REQUIRED ACTION: Here the job is to repeat the listing exactly, but not the pictures in it.
GIVEN DATA Start Marker
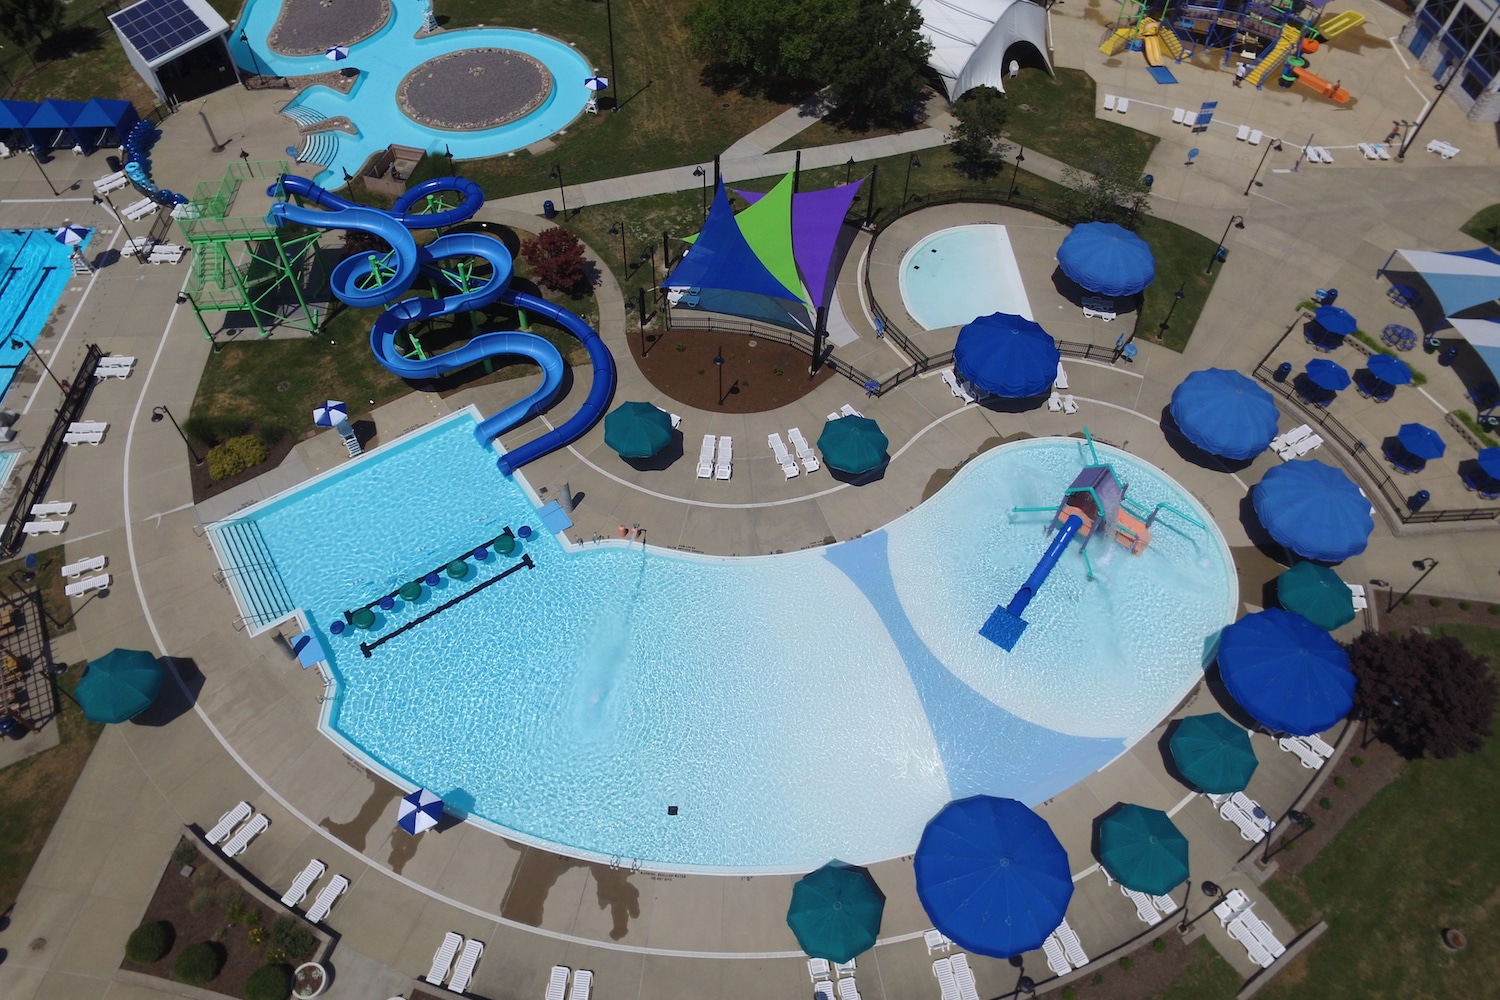 Collinsville Aqua Park pools and shade
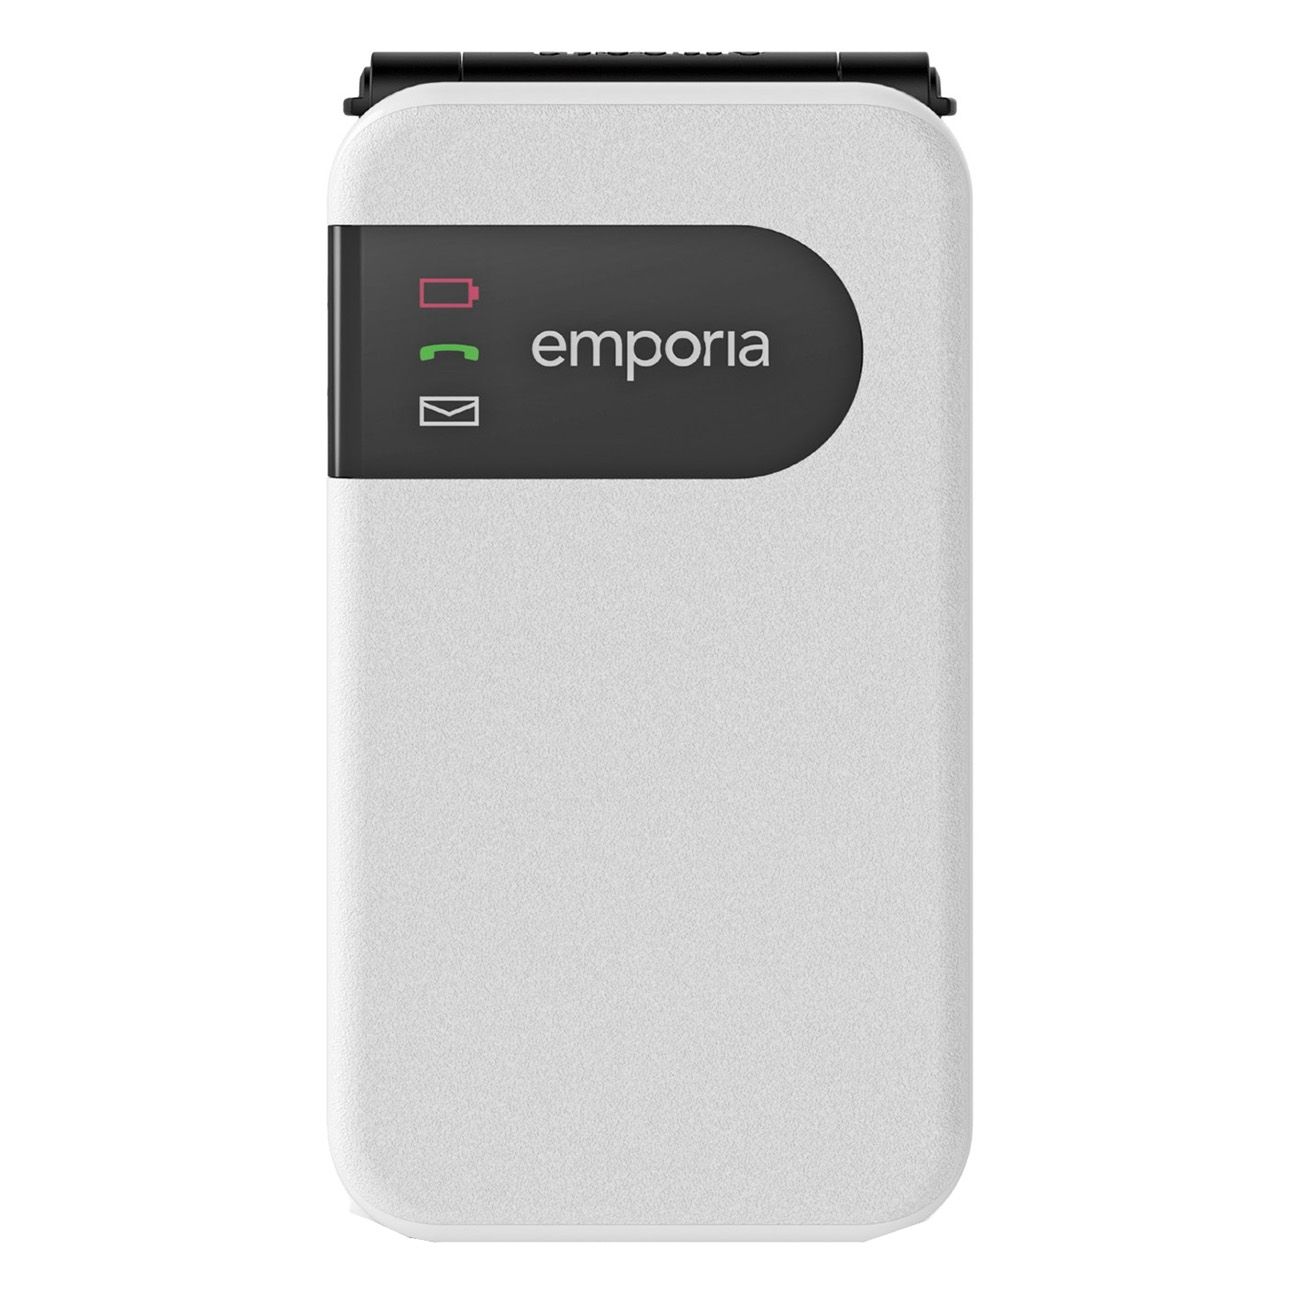 Emporia SIMPLICITY glam Senioren-Telefon
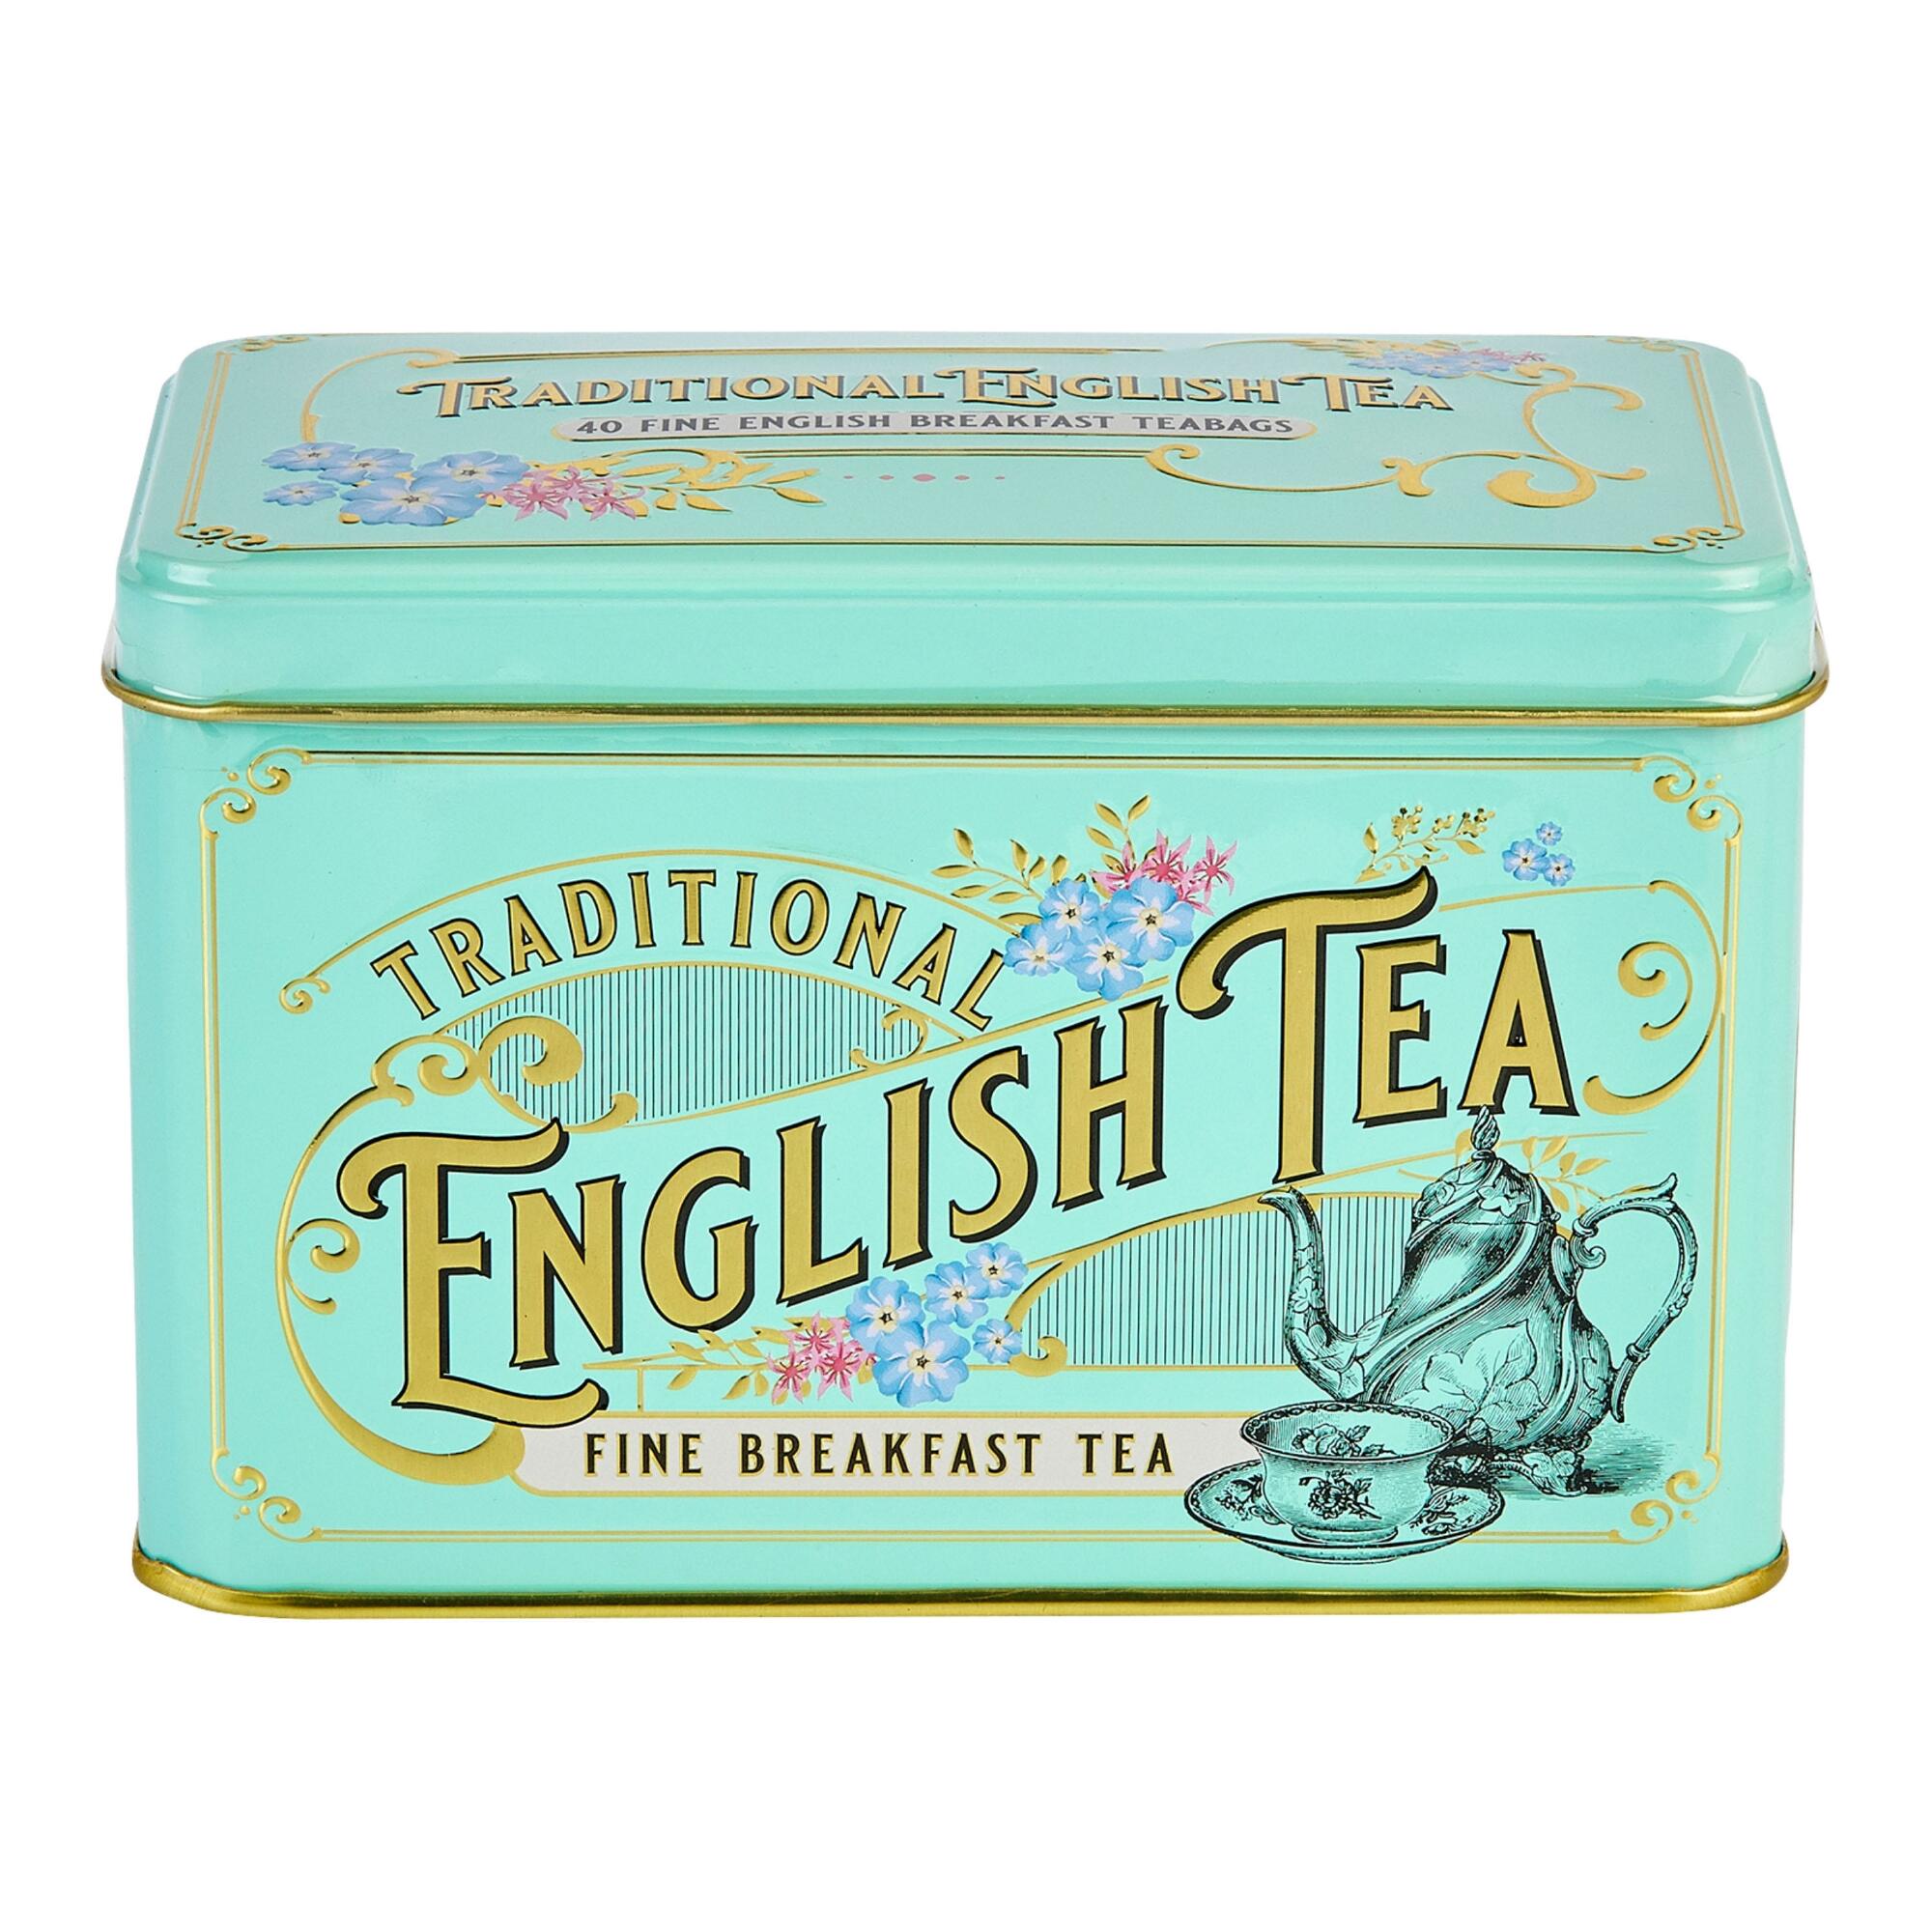 New English Teas Vintage English Breakfast Tea Tin 40 Count by World Market
GIVEN DATA End Marker
FINISHED EXERCISE:
 Collinsville Aqua Park pools and shade
 Emporia SIMPLICITY glam Senioren-Telefon
 New English Teas Vintage English Breakfast Tea Tin 40 Count by World Market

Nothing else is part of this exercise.